Copy the data that follows, character for character, minus the pictures.

**DATASET EXCERPT**.
BEGIN
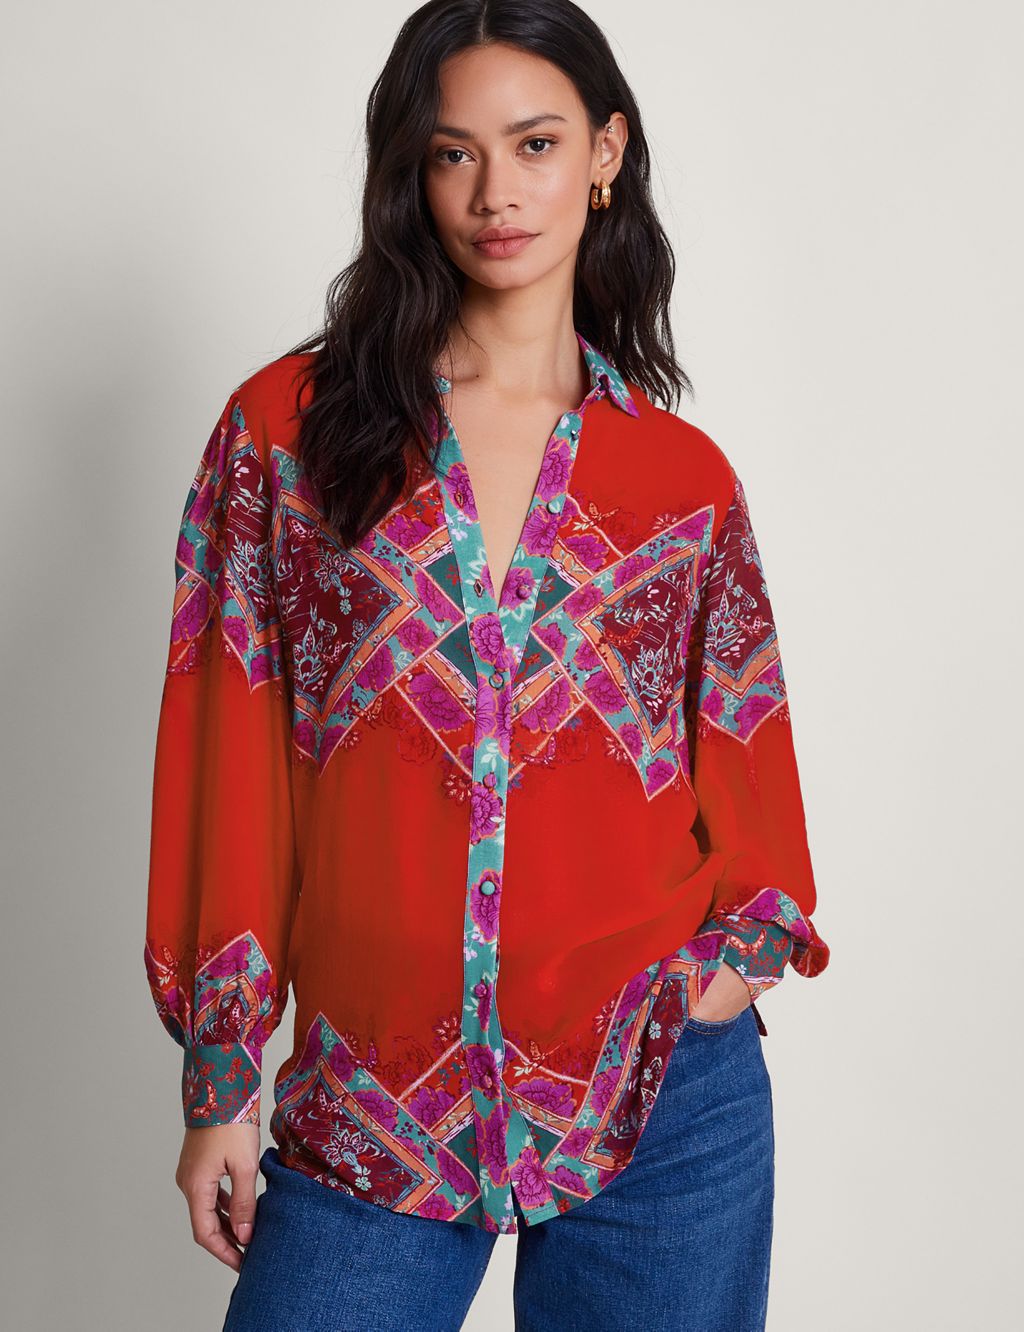 Women's Shirts, Tops & Blouses in Red
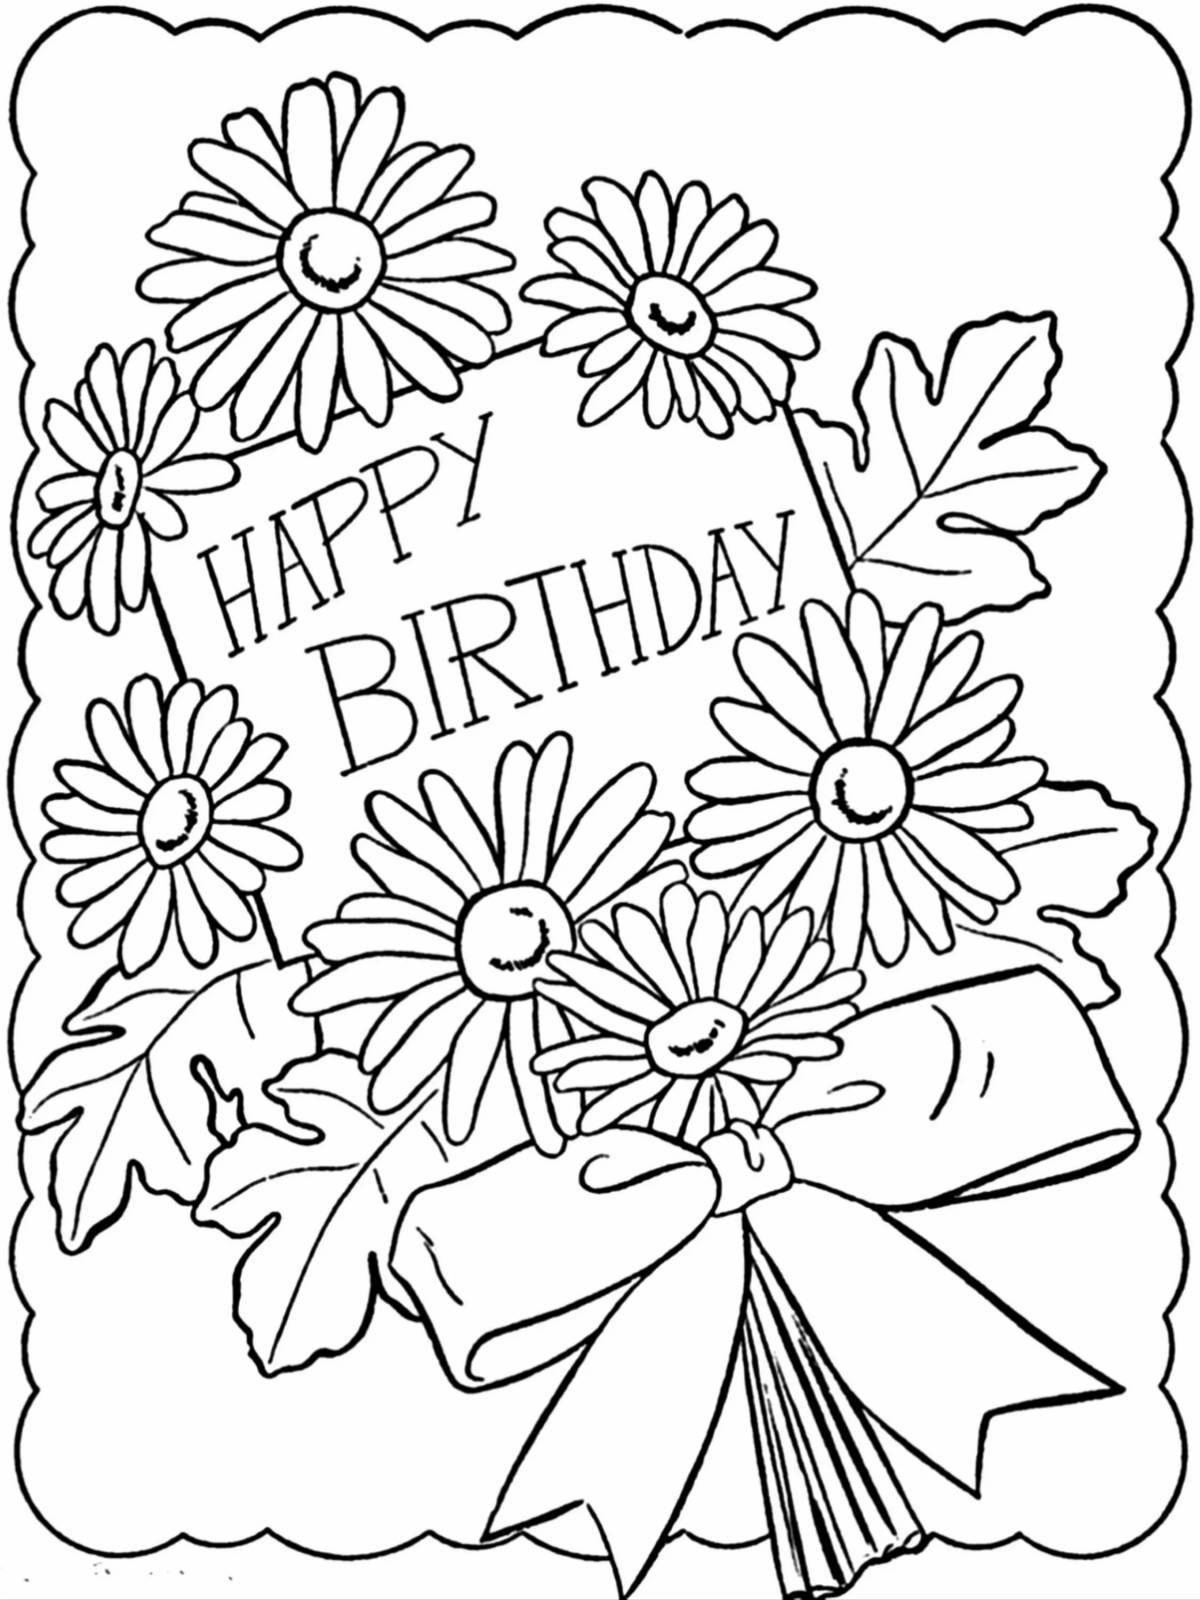 Coloring page birthday cheerful grandmother
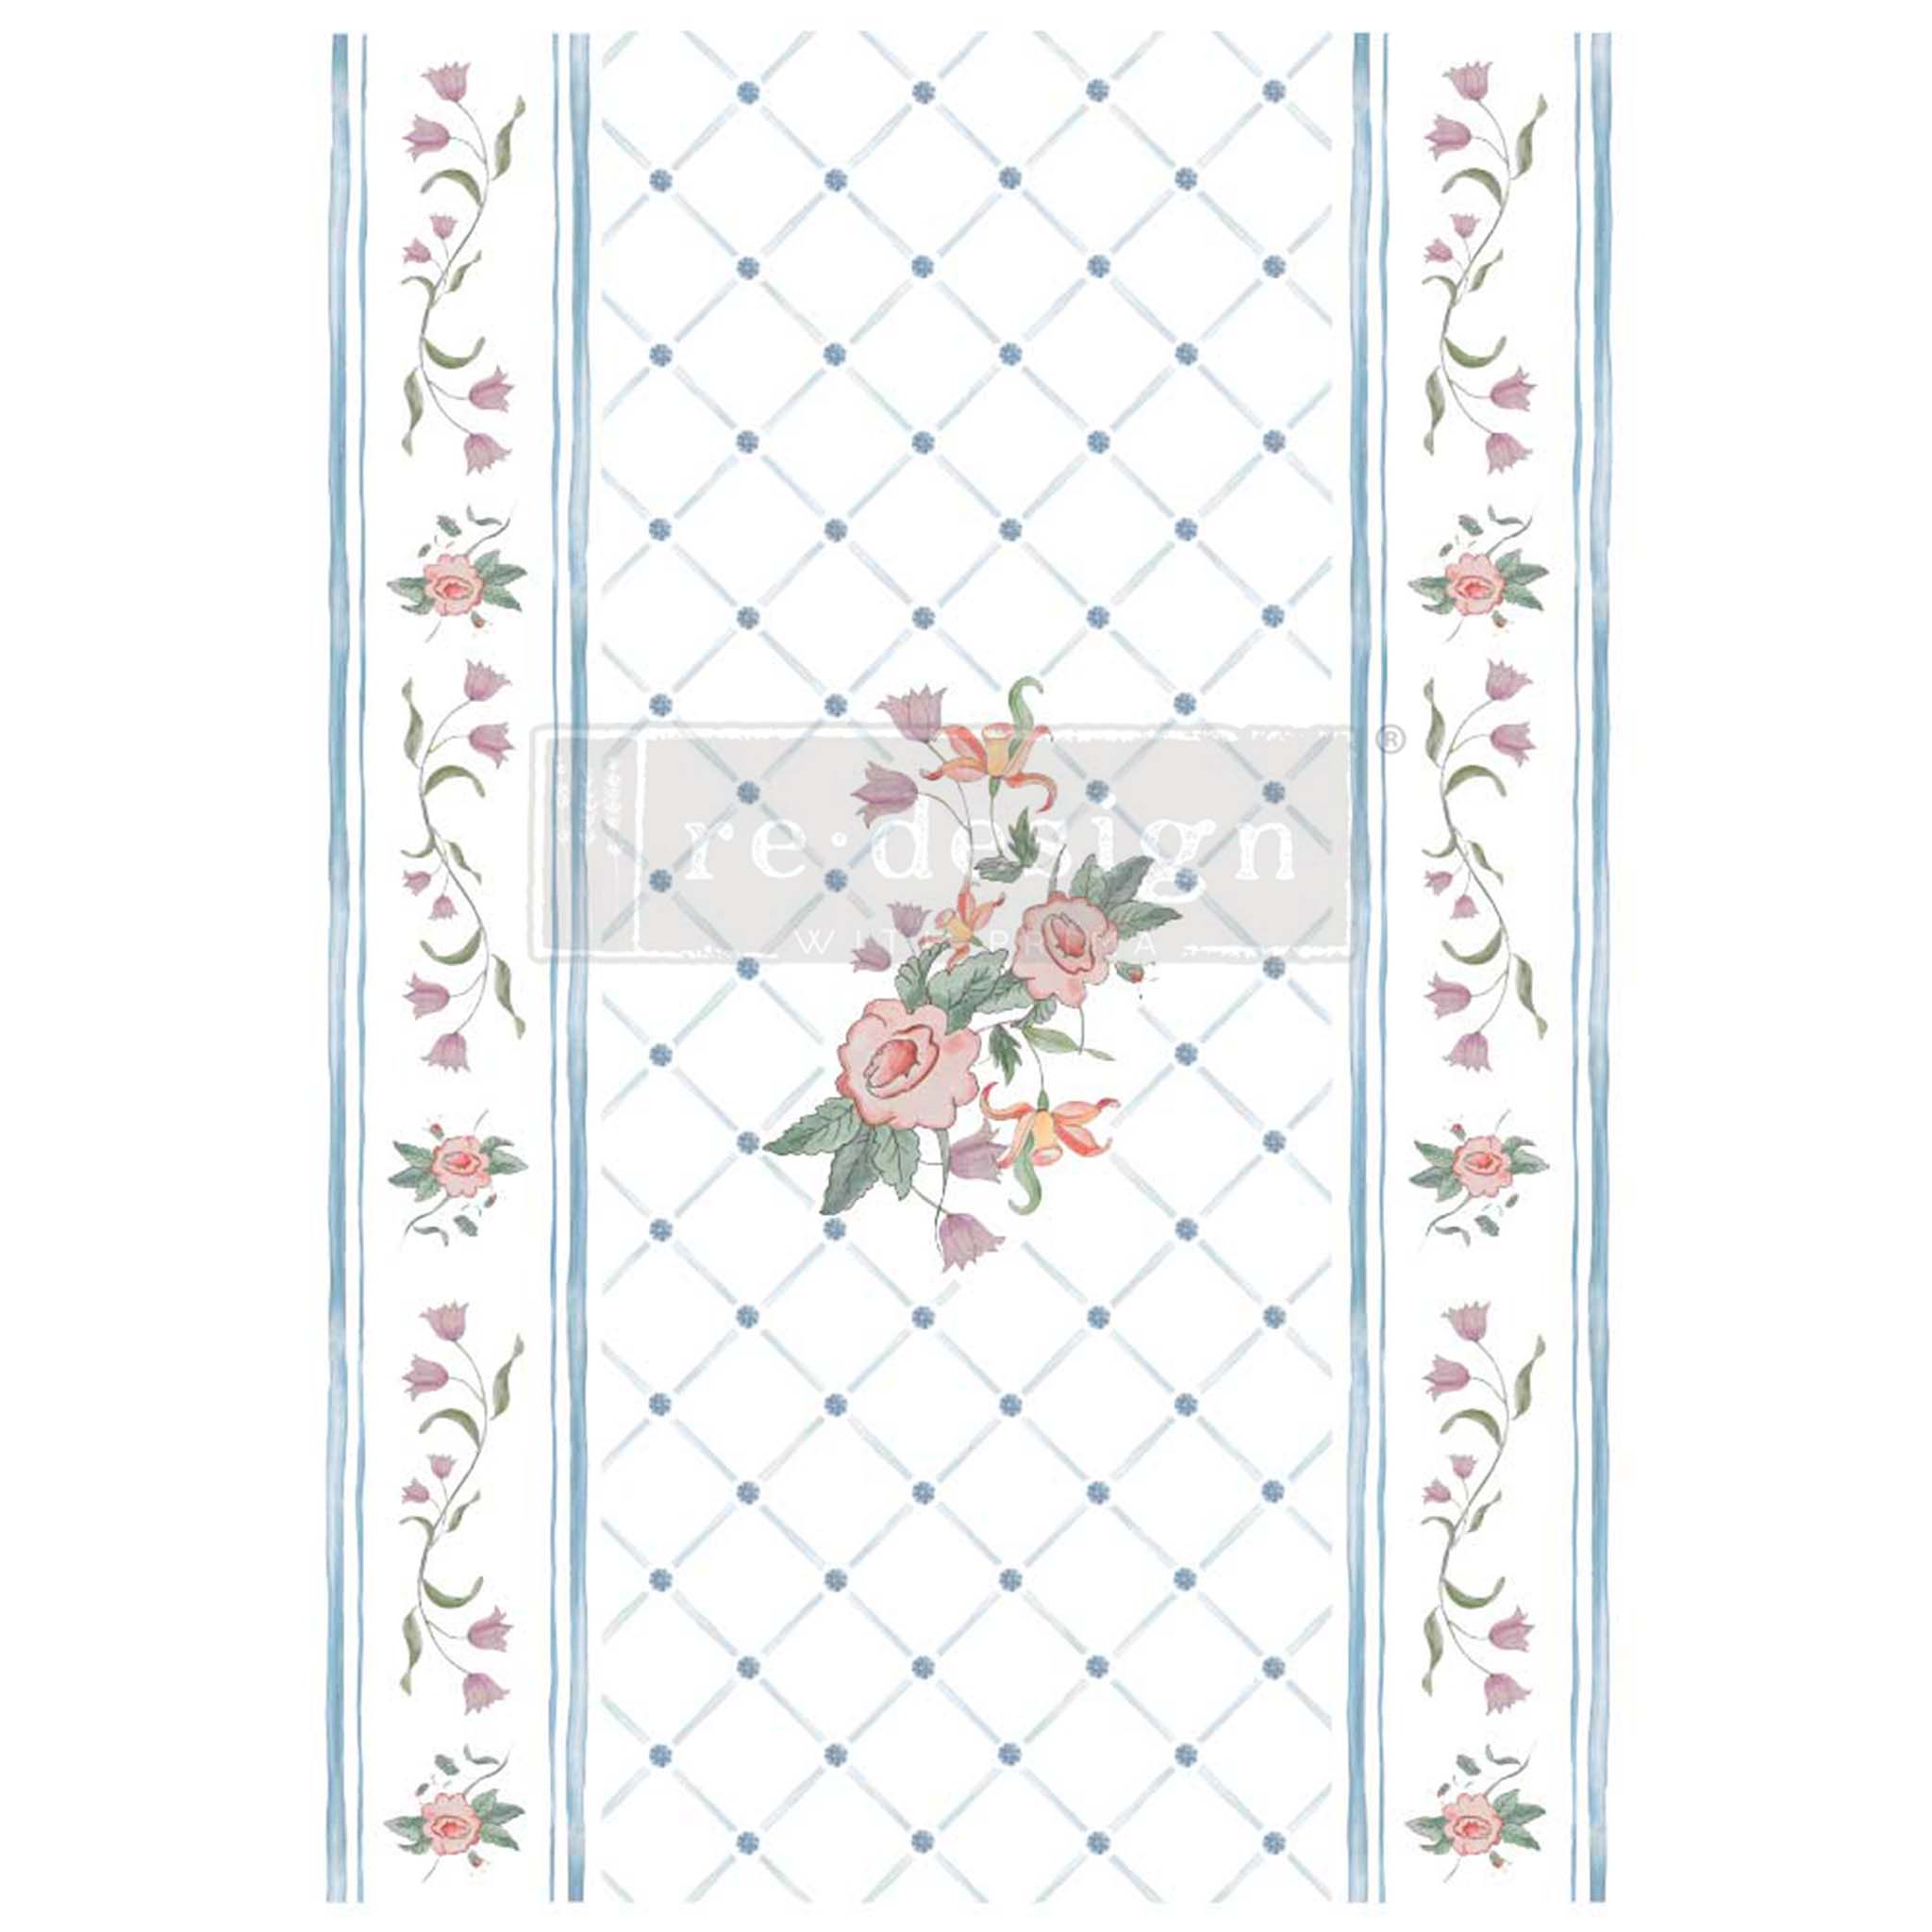 Rub-on furniture transfer that features a charming country lattice pattern with blue diamond print and beautiful roses is against a white background.
END
**TASK SOLUTION**.
 Women's Shirts, Tops & Blouses in Red
 Coloring page birthday cheerful grandmother
 Rub-on furniture transfer that features a charming country lattice pattern with blue diamond print and beautiful roses is against a white background.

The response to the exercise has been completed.